J’entends parler de cette potion magique miracle depuis quelques jours dans mon entreprise. Dans les couloirs, devant la machine à café, aux toilettes. C’est incroyable. Il parait qu’il est possible de perdre facilement du poids. Juste en buvant un produit lacté au goût chocolat. Candia a eu la bonne idée de distribuer des échantillons de son nouveau produit minceur à la sortie de certaines bouches de métro et compte sur le bouche à oreille pour propager la bonne parole. Mais si. Si si. La ménagère de moins de cinquante ans qui a le cancer de l’adipocyte localisé aux hanches, le trentenaire actif qui souhaite se débarrasser de ses petits bourrelets ou la quadragénaire au ventre qui pendouille et aux fesses molles sont les cibles de ce produit miracle contenant un principe actif exclusif et mystérieux, le Fabuless. C’est Fabuleux.
Mais qu’est-ce que le Fabuless? Juste une émulsion dite “huile dans eau” composée d’huiles de palme et d’avoine fractionnées (2,5%) incorporée dans une solution de lait à teneur réduite en lactose (95%), de poudre de cacao, de protéines de lait, d’extrait de thé vert, de stabilisants (E407, E460, E466), d’édulcorant et enfin d’antioxydant. Cette émulsion brevetée aurait été développée par une entreprise basée aux Pays-Bas et serait vendue comme régulateur de satiété. D’après Candia, Silhouette Active permet de retarder l’assimilation des aliments de quatre à huit heures, ce qui déclenche un signal de satiété en direction du cerveau et vous permet donc de réduire votre prochaine prise alimentaire. C’est donc la meilleure alternative à la lobotomisation ou à la suppression de l’estomac. C’est très simple, il suffit de consommer une ou deux briques de 20 ml par jour. Le Fabuless n’est pas un produit récent. Il a déjà été lancé dans de nombreux pays et même nommé aux trophées européens de l’innovation il y a deux ans. Innovation, cela veut dire tout et n’importe quoi. Parle-t-on d’innovation marketing ou d’innovation dans la gestion de l’embonpoint? J’ai bien ma petite idée.

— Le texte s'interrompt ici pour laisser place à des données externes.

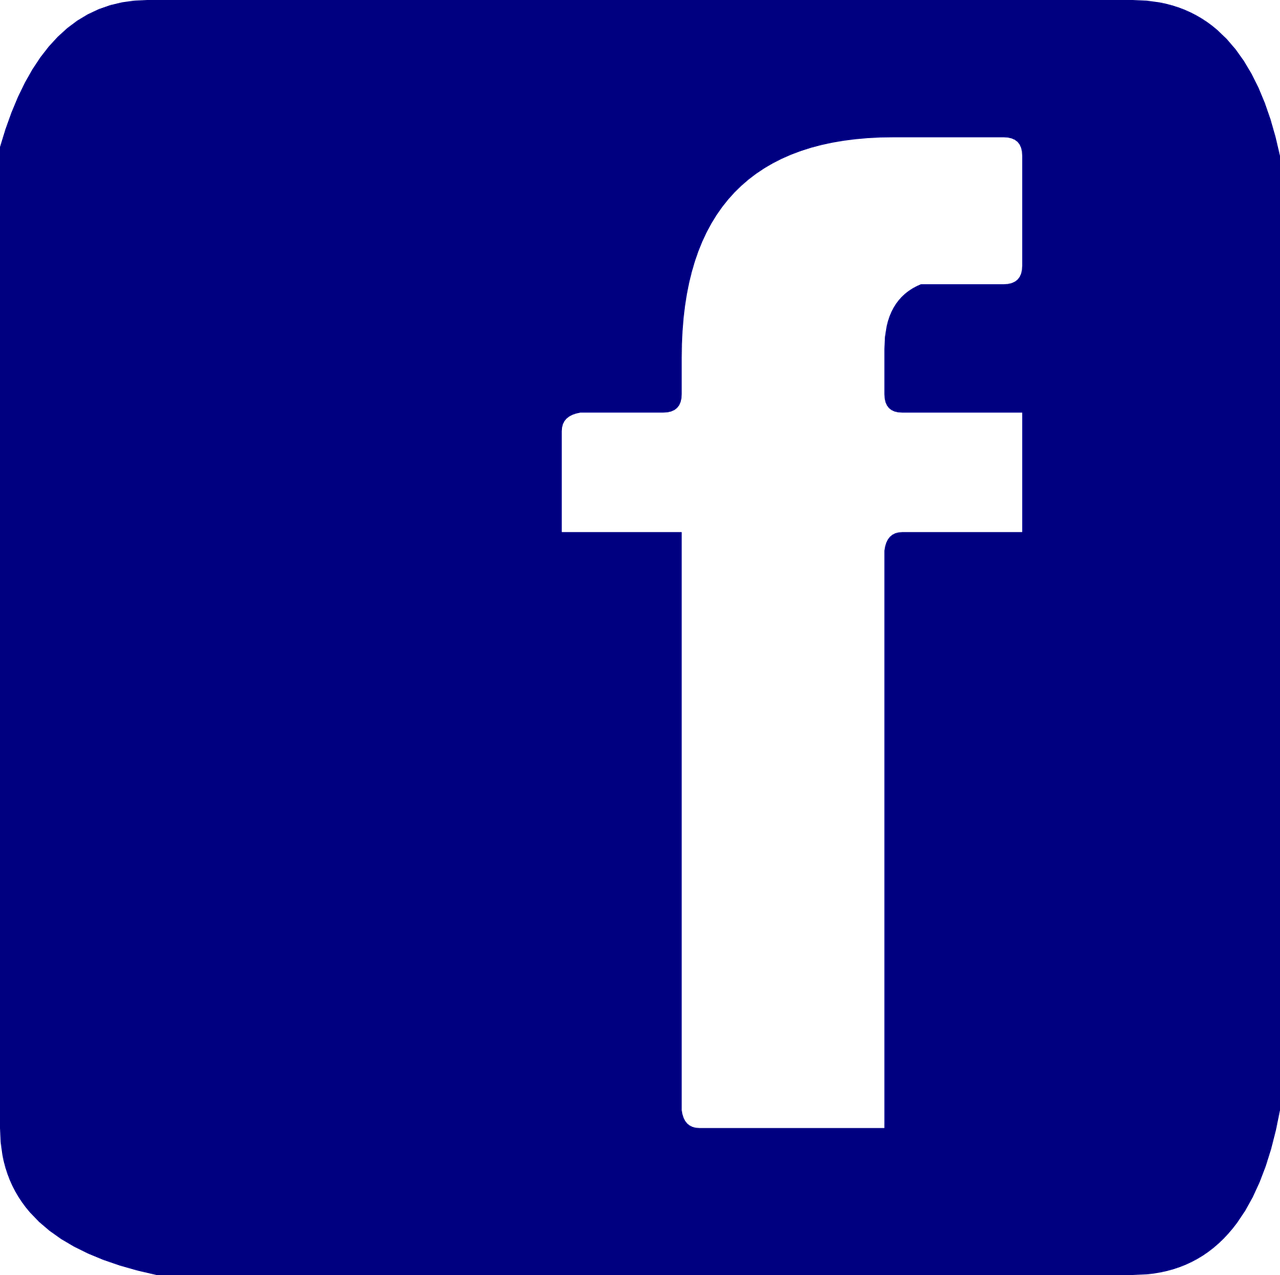 Facebook users in 2018

Le plus irritant est certainement la mention “cliniquement prouvé”. Lorsqu’une étude clinique est réalisée, elle est strictement encadrée et les résultats doivent-être détaillés. Un nombre suffisant de sujets doit être inclus, des objectifs primaires et secondaires sont strictement définis, objectifs obéissants à des critères statistiques (oui c’est un peu chiant et ça file mal à la tête) très strictes. Associer la clinique à un produit de grande consommation lui donne une respectabilité et surtout laisse penser qu’il est vraiment efficace, à l’image des campagnes publicitaires Actimel (booster le système immunitaire avant l’hiver), Essensis (améliorer la qualité de la peau) ou enfin Danacol (faire baisser le taux du mauvais cholestérol). C’est le mélange des genres. On appelle cela un Alicament. La compagnie laitière reste vague sur l’emballage mais donne des références bibliographiques sur son site internet. Trois études dites cliniques sont citées. Elles remontent aux années 2000, 2001 et 2002 et sont publiées par une seule équipe britannique.

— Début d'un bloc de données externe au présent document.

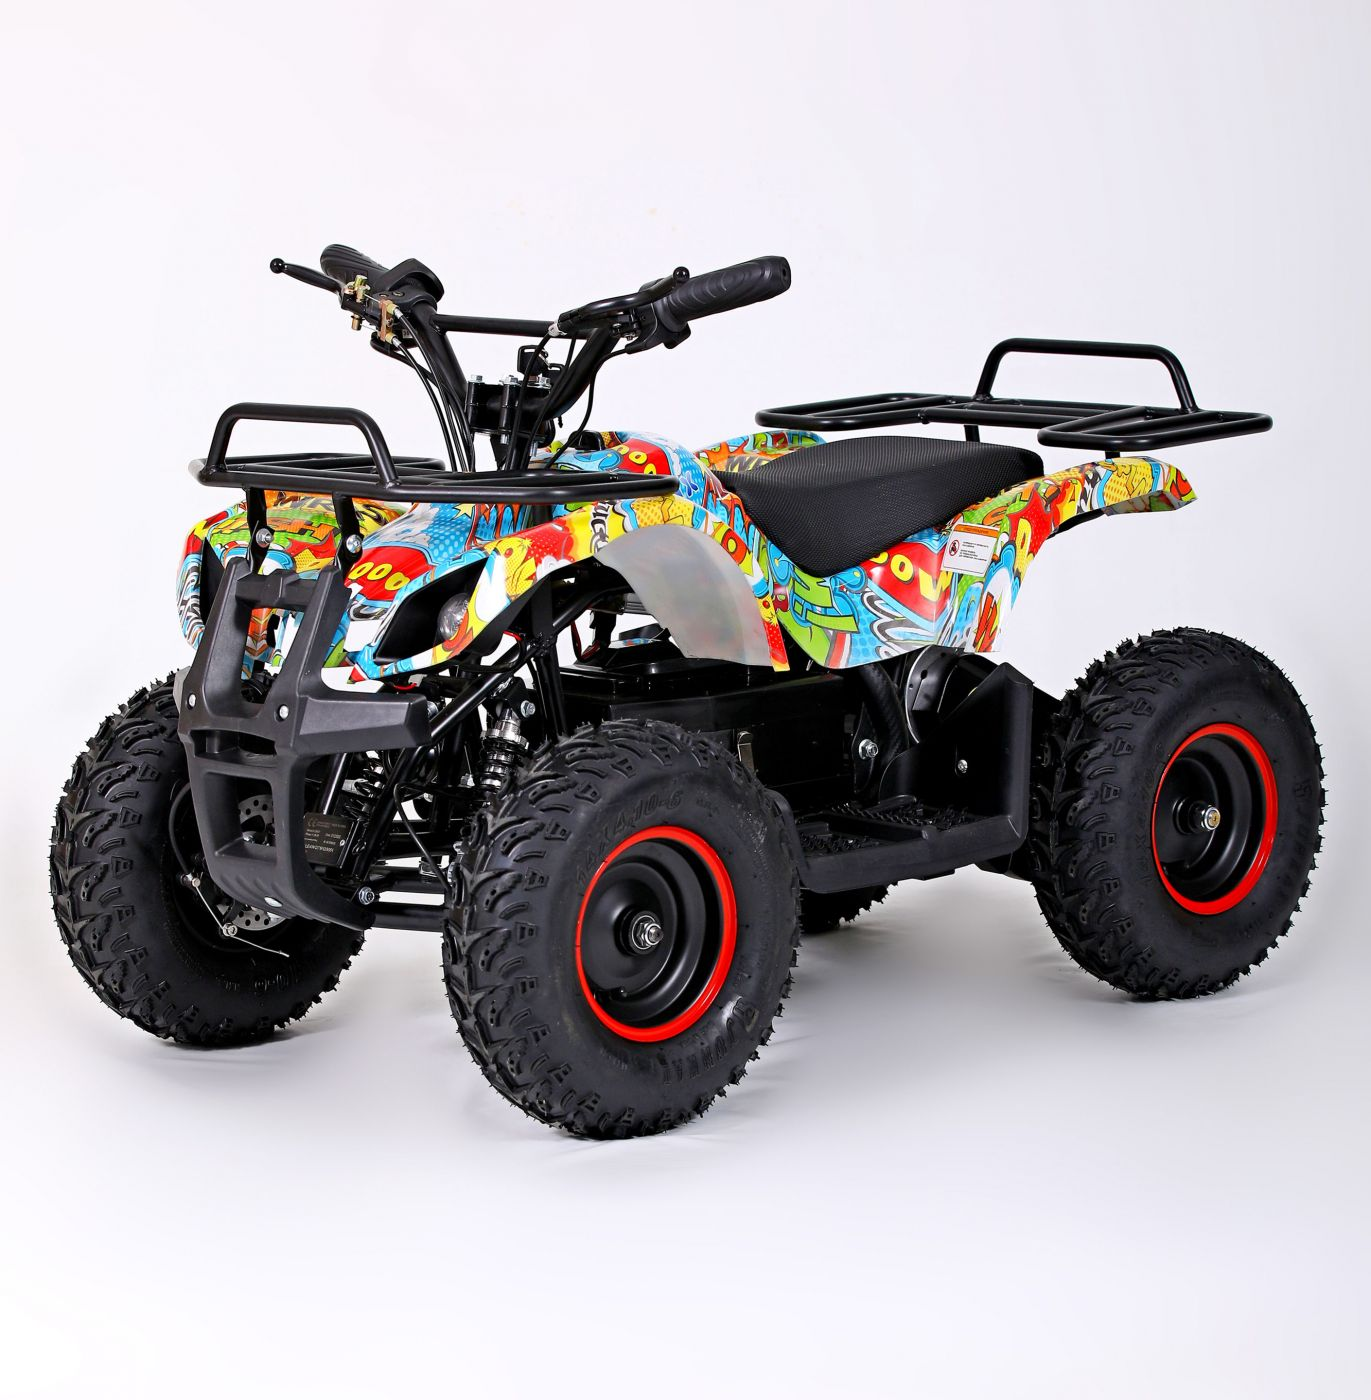 MOTAX Mini Grizlik Х-16 BIG WHEEL 1000W Электроквадроцикл

Une publication issue d’une revue dite “sérieuse” est facilement consultable (Burns et collaborateurs, 2000). Seuls 60 individus ont été inclus. Les fumeurs, les personnes obèses et les végétariens ne pouvaient pas y participer. Aucune personne n’a eu d’effets secondaires. Les résultats semblent indiquer que le produit aurait, selon certaines conditions (individus, régime alimentaire), un effet sur la satiété à court terme. Une question me gratouille donc le neurone. Si un produit montre une quelconque efficacité clinique, ne doit-on pas le considérer comme un médicament. Si oui, ne doit-il pas être prescrit par un médecin à des individus en ayant véritablement besoin? Enfin, la vocation d’un médicament est-elle de se retrouver au rayon frais entre deux paquets de Kinder Pingui et des briques de Tropicana? A quand une chimiothérapie vendue au rayon nouilles?
Comme tous les produits supposés aider à perdre du poids, il est conseillé de consommer le produit dans le cadre d’une alimentation équilibrée et d’une activité physique normale. On continue à nous prendre pour des cons. Lorsqu’on respecte ces conditions, a-t-on vraiment besoin de perdre du poids? Enfin, la firme a rajouté à la formulation des extraits de thé vert, reconnus par Madame Michu pour faire fondre le gras, et propose un parfum chocolat pour associer plaisir et efficacité. Seulement voila, côté goût, c’est vraiment pas ça et on regrette vite son Grosquick chéri.
En même temps, si le produit était bon, il ne serait pas efficace, hein ma bonne dame?
J’ai comme une envie de Truffade. Là, tout de suite, maintenant.